Black Female Leadership in the Civil Rights Movement

Soc/An 244--Arndt, Spring 2005

During the 1950’s and 60’s few people recognized the dynamics of gender playing out within the civil rights movement. It is only in retrospect that scholars are just now beginning to acknowledge the important, and often unique, ways that women contributed to the movement and also the significant ways in which their participation was limited. Morris (1984) states that it was the educated, black, male clergyman that held the most power in the civil rights movement because of his, “personal persuasiveness…his considerable control over the collective resources of the church” and charisma (7). Indeed, it was those leaders who were the most visible. However, there were many leaders outside of this elite group that did not fit the mold, they mainly operated on a grassroots level and were frequently women. Their contribution to the civil rights movement was no less important than that of people like Dr. King. Belinda Robnett (1997) writes in her groundbreaking book How Long?
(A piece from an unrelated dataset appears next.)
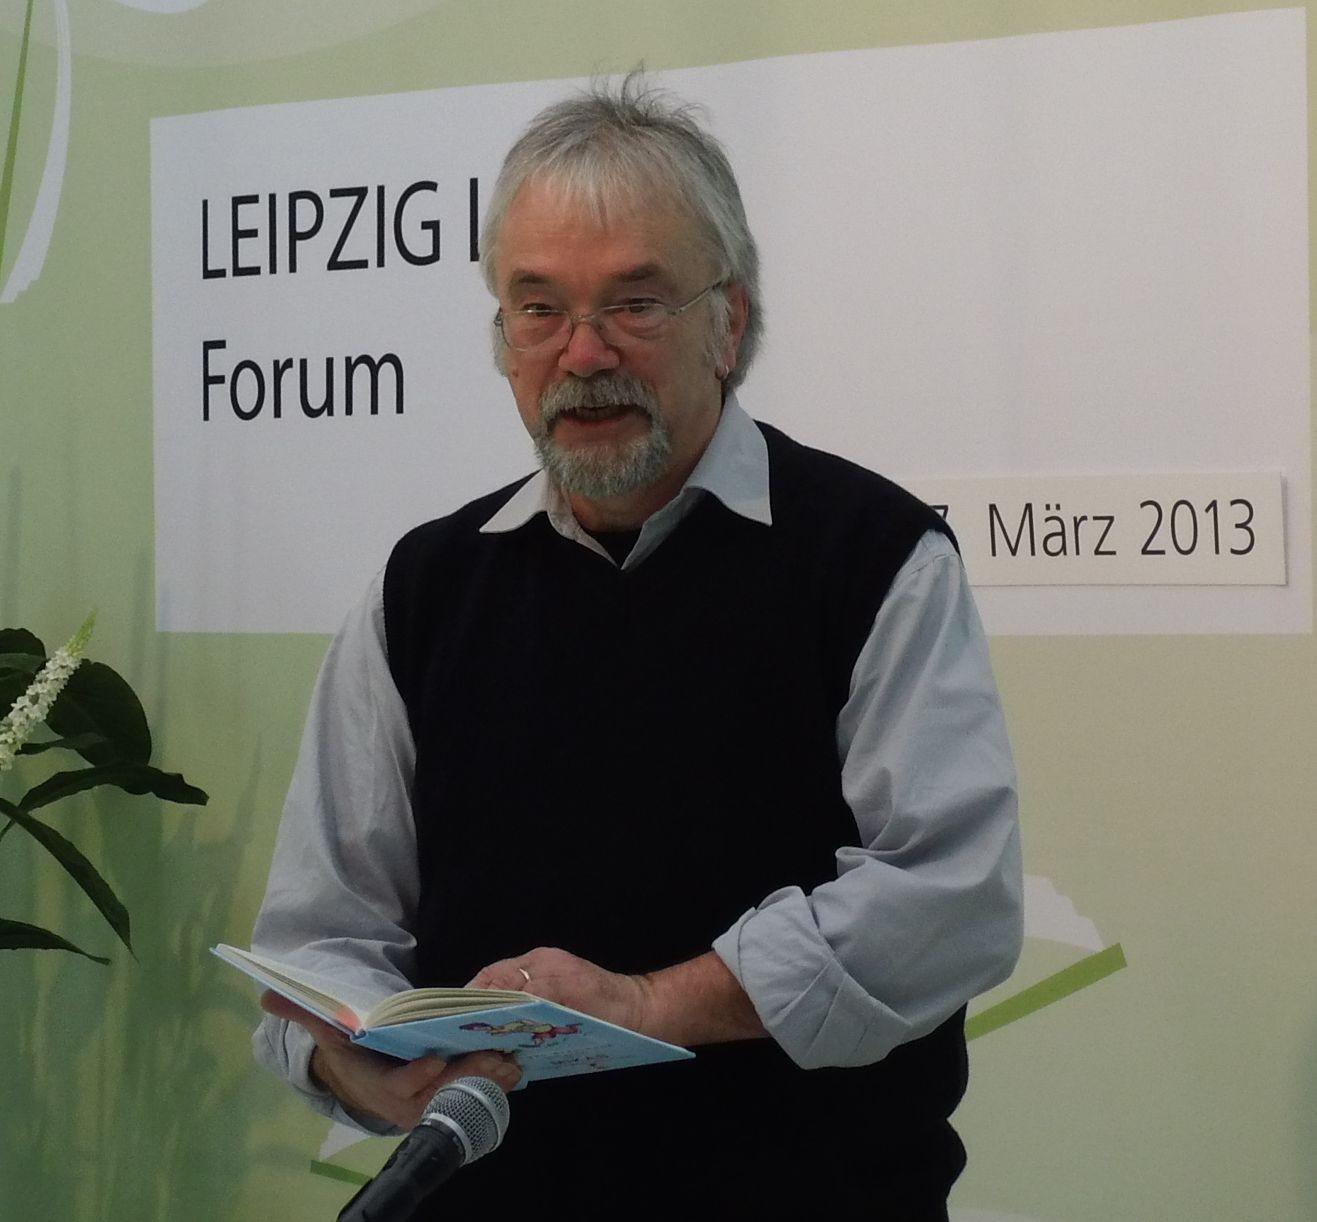 Jürgen Stahlbock

How Long?,

Gendered hierarchy and racial and class constraints, in additions to Black cultural norms, shaped the structures of the civil rights movement and defined the nature of activist participation, including those leaders in the grassroots sector (17).

The omission of female leadership in mainstream historical accounts of the civil rights movement creates two main problems: the obstacles to leadership faced by women are unrecognized and women leaders who did play significant roles—despite these obstacles, remain ignored or marginalized.
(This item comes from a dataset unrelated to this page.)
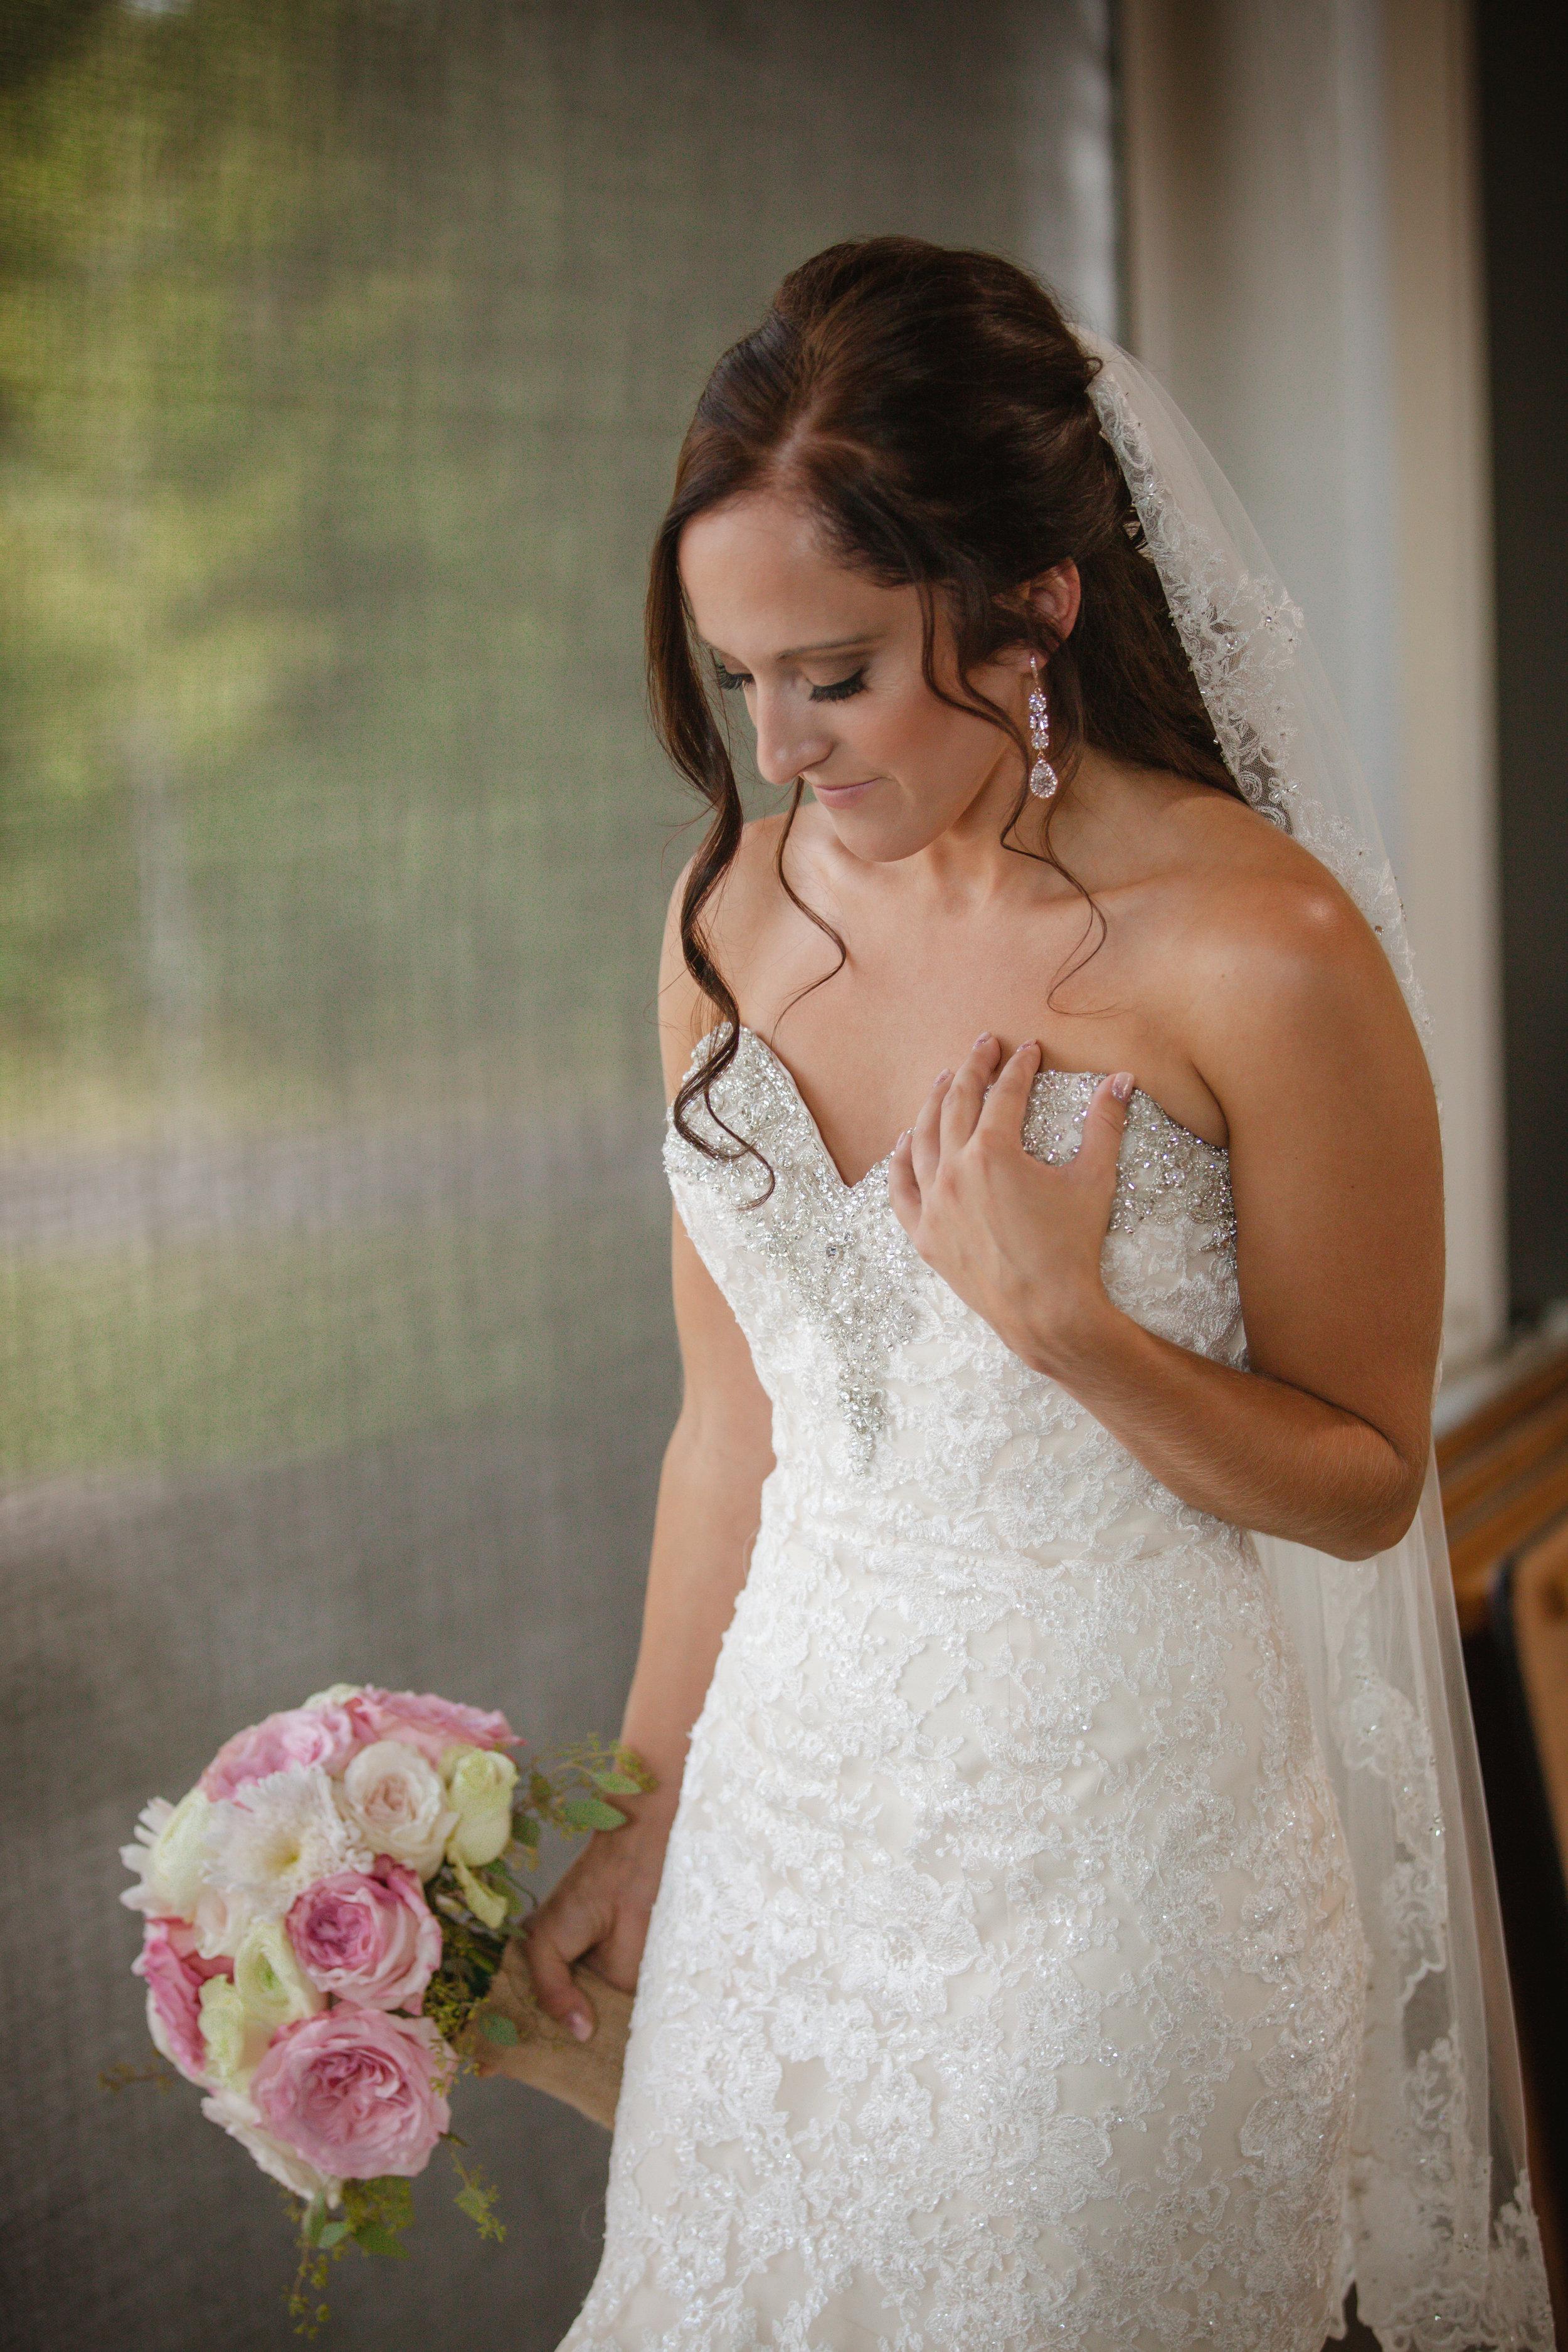 Focus Photography: Weddings

The image of a tired Rosa Parks sitting in the white section of the bus may be the most well-recognized representation of a black woman in the civil rights movement. This is a selective view of women in the movement. There were many powerful women whose faces should be seen just as often as Parks’. Parks herself was already very involved in the movement through the NAACP and grassroots activism—she was much more than a poor, tired woman who finally snapped (Morris 1984). Women like Ella Baker, Fannie Lou Hamer and Septima Clark displayed extraordinary leadership and influence, but their forms of leadership were different from the well-known styles of Dr. King and Dr. Abernathy.

Efforts to appreciate the presence of black women in the civil rights movement often come under fire. Robnett writes that her work has been interpreted as “inherently divisive to the African-American community and to any analysis of gender as a white woman’s issue. Still others viewed the project as an attack on Dr. King and other notable Black male leaders” (4). While it is true that evaluating the civil rights movement by today’s standards of gender equality would be presentism, one cannot ignore the implicit social expectations that shaped the way black men and women moved within the movement. Robnett defends her attempt to make the voices of black women heard, “No account of history is adequate without inclusion of us all” (6).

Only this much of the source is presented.